TASK → In the entries below, find the line containing "Castello di Pagazzano (bg) - HDR #1..." and the line containing "Мышь Logitech M280". Copy those two lines and everything between them exactly, without the pictures.

DATA TO PROCESS →
*** Block opens ***

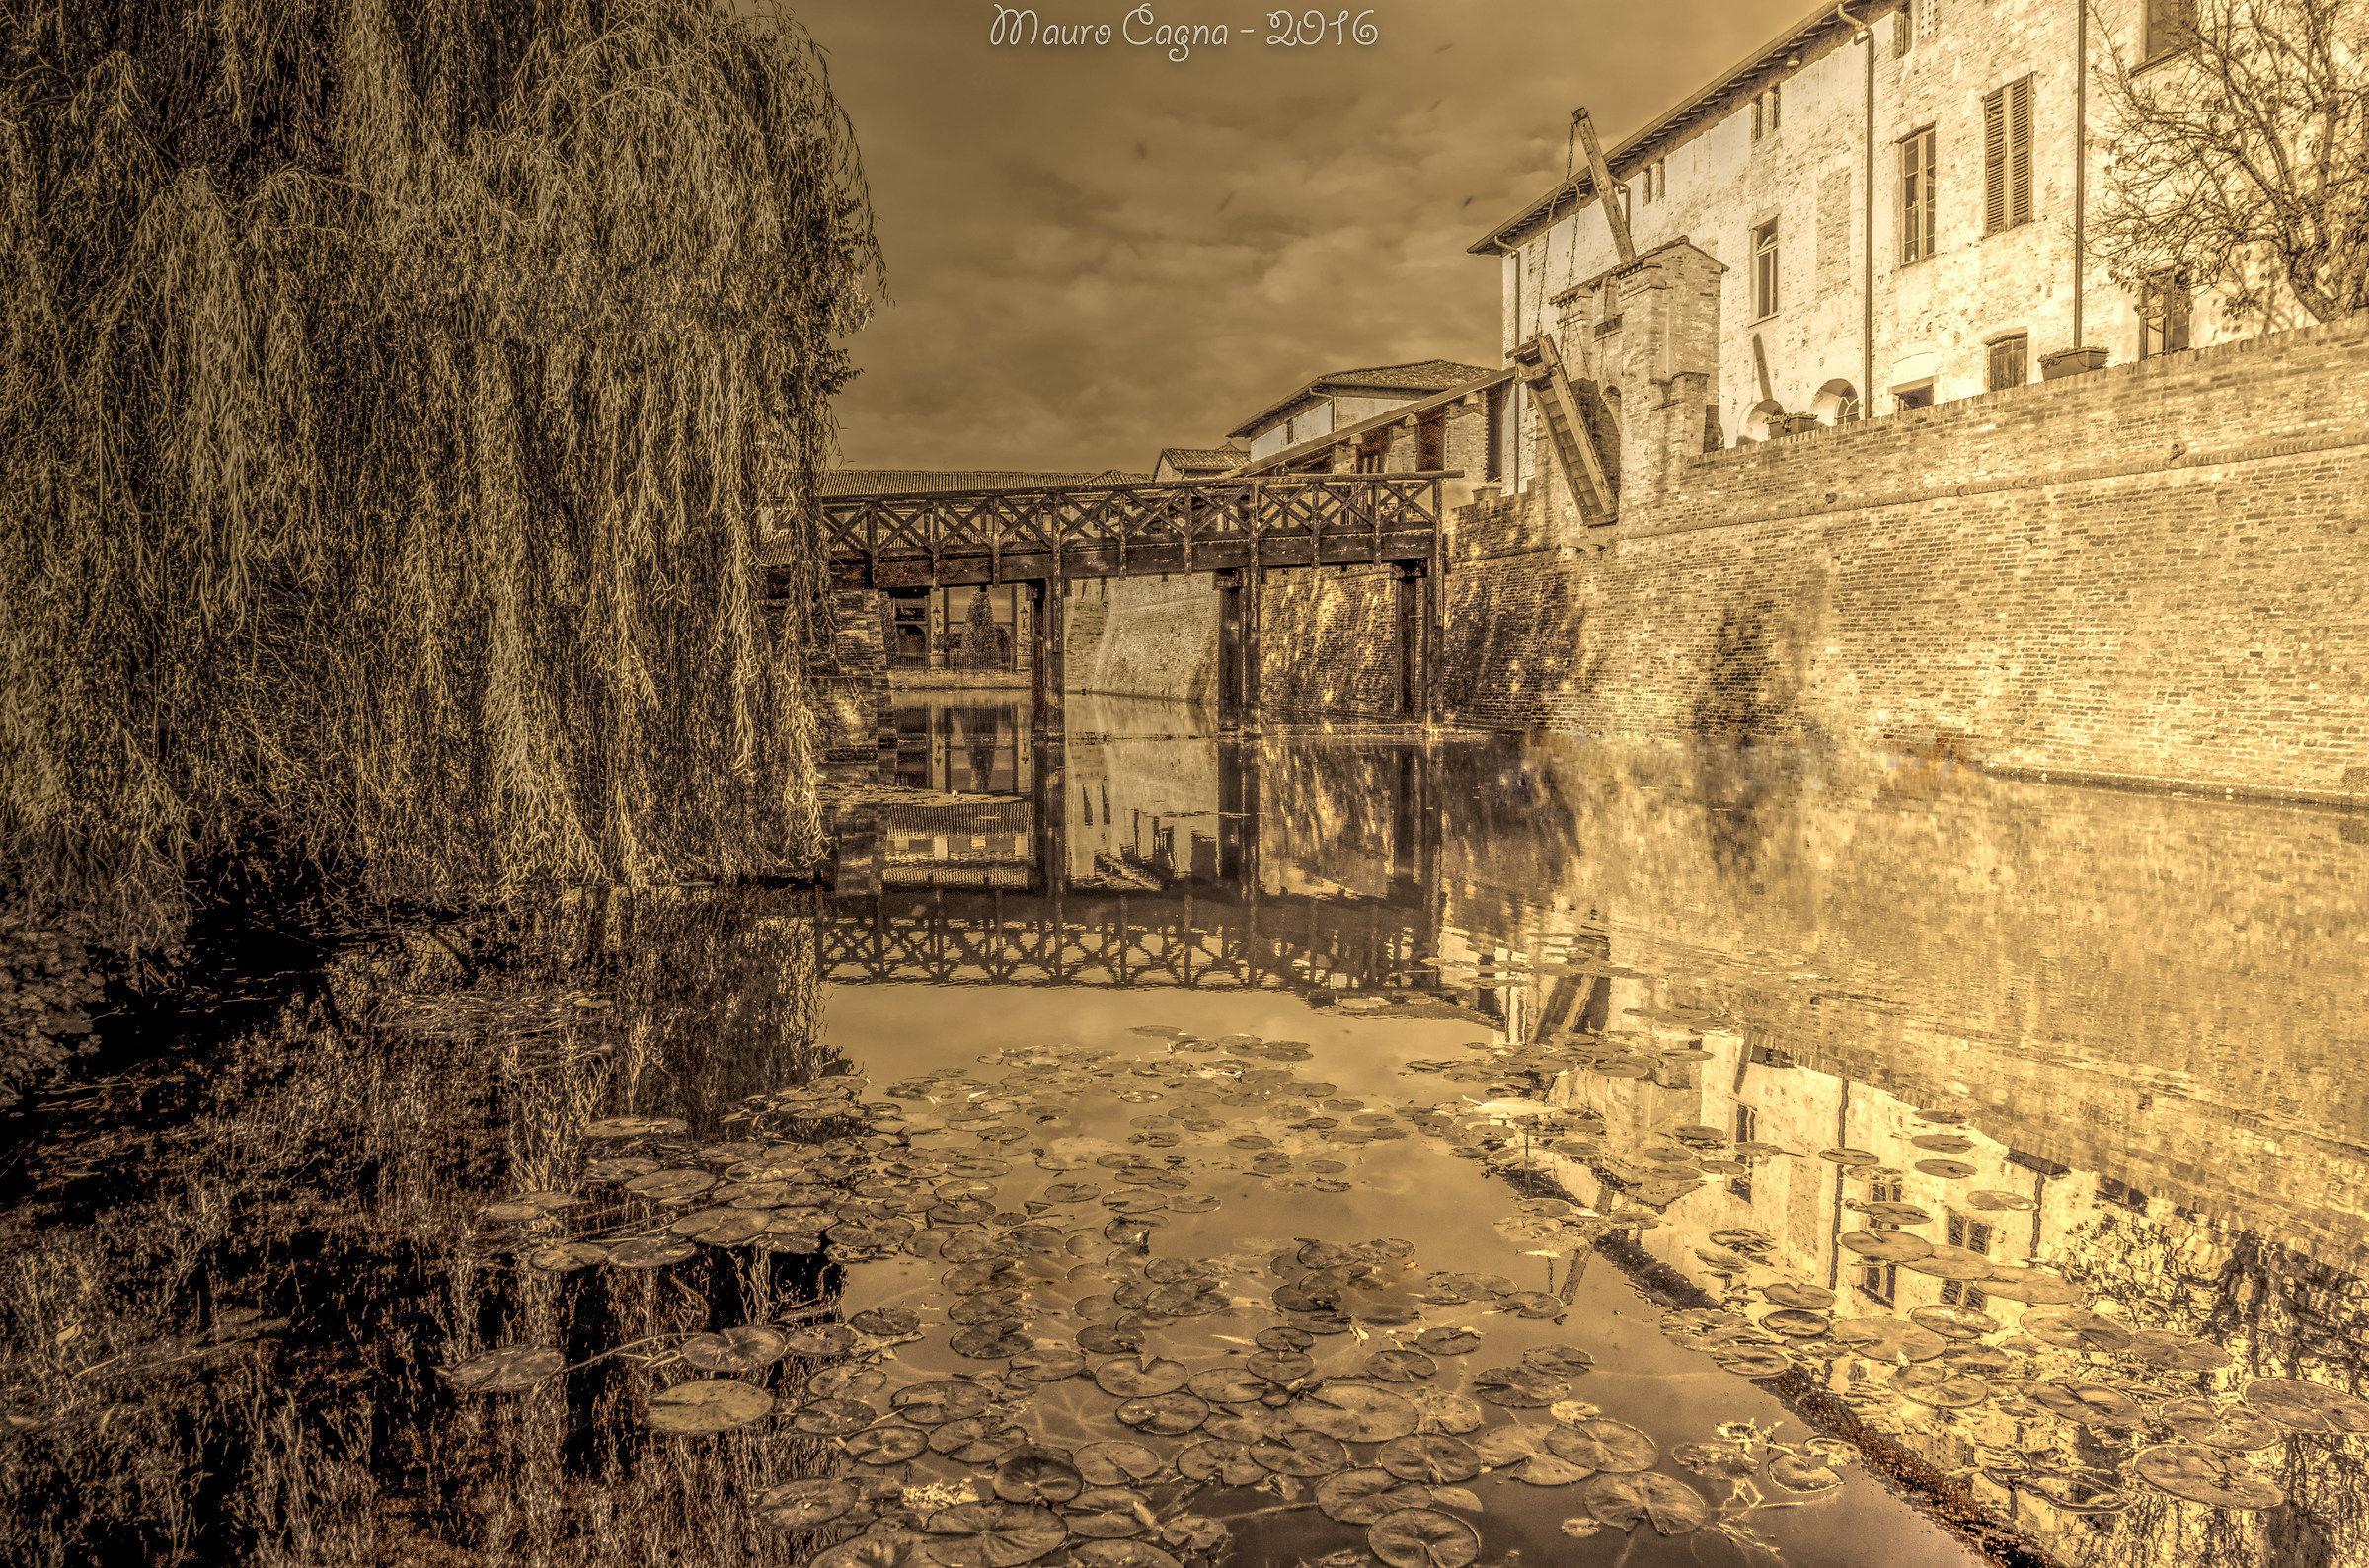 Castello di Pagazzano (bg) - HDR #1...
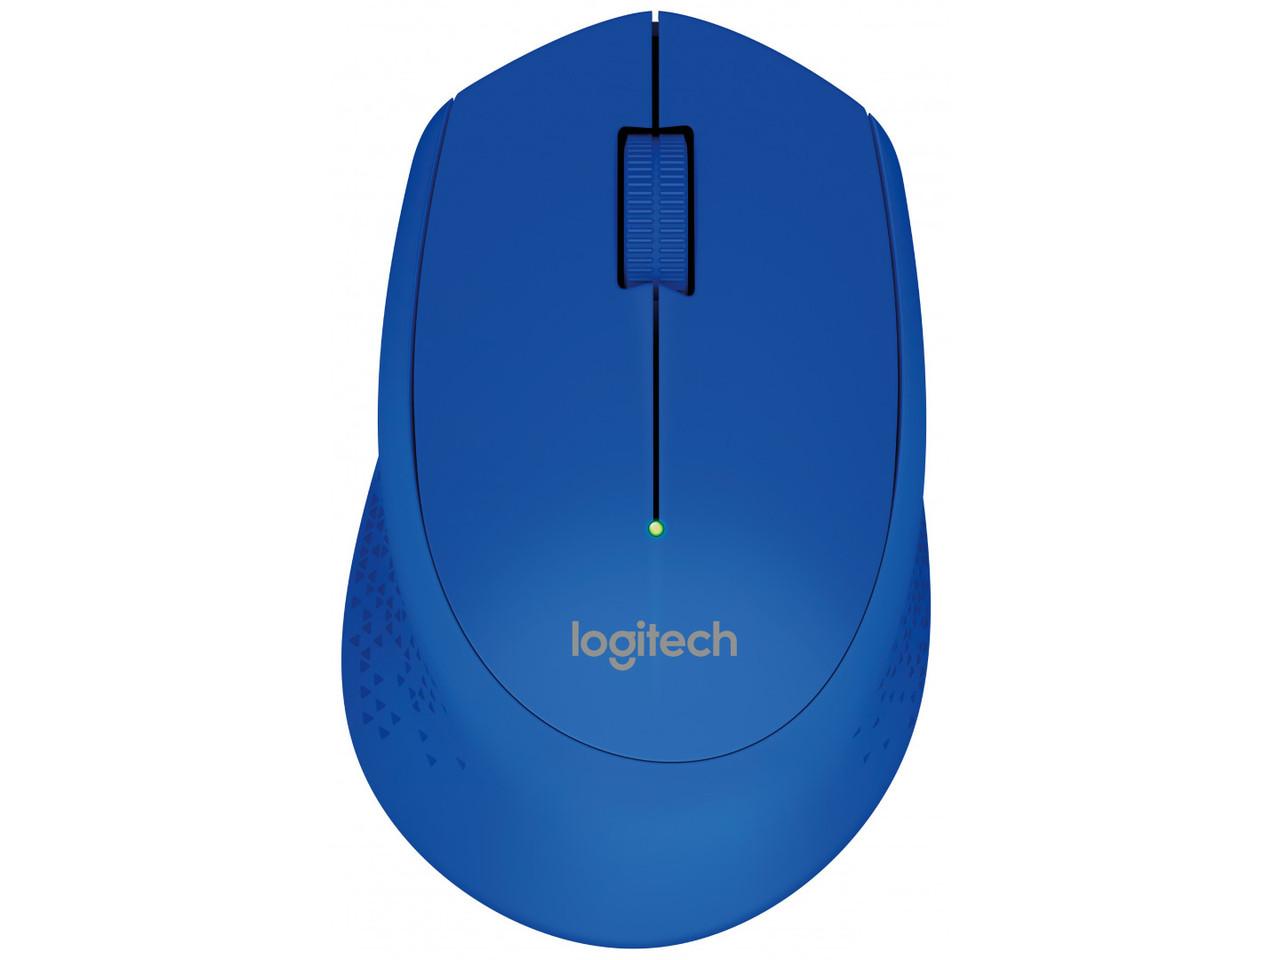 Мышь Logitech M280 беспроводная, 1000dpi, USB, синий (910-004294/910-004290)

*** Block closes ***
*** Block opens ***

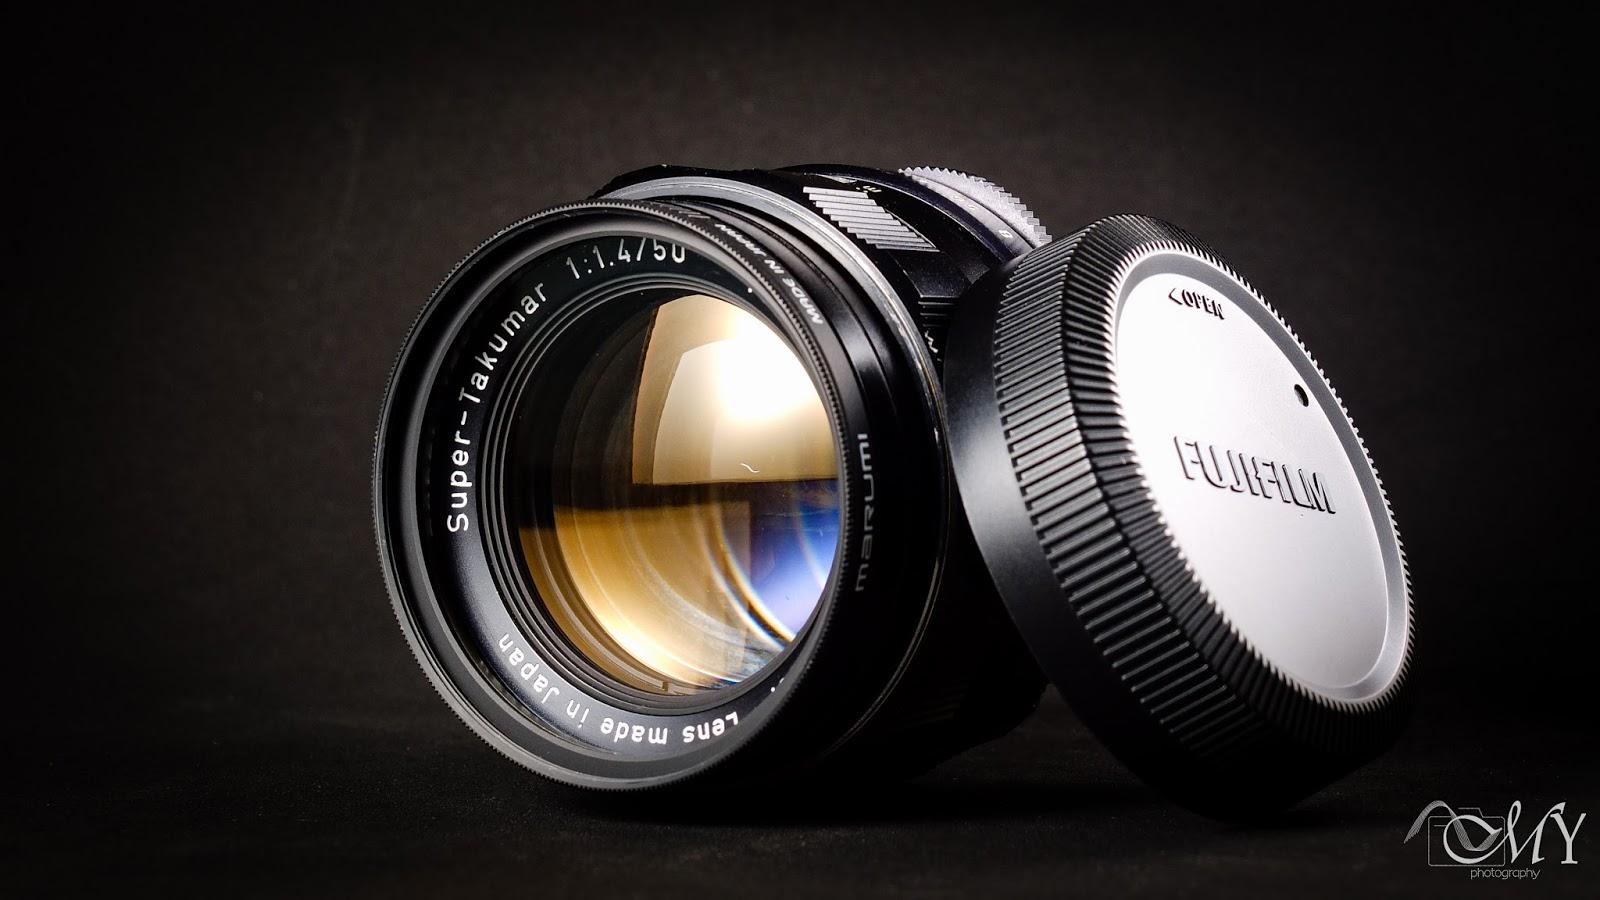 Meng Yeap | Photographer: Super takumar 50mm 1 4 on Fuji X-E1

*** Block closes ***

OUTPUT OF THE TASK →
 Castello di Pagazzano (bg) - HDR #1...
 Мышь Logitech M280 беспроводная, 1000dpi, USB, синий (910-004294/910-004290)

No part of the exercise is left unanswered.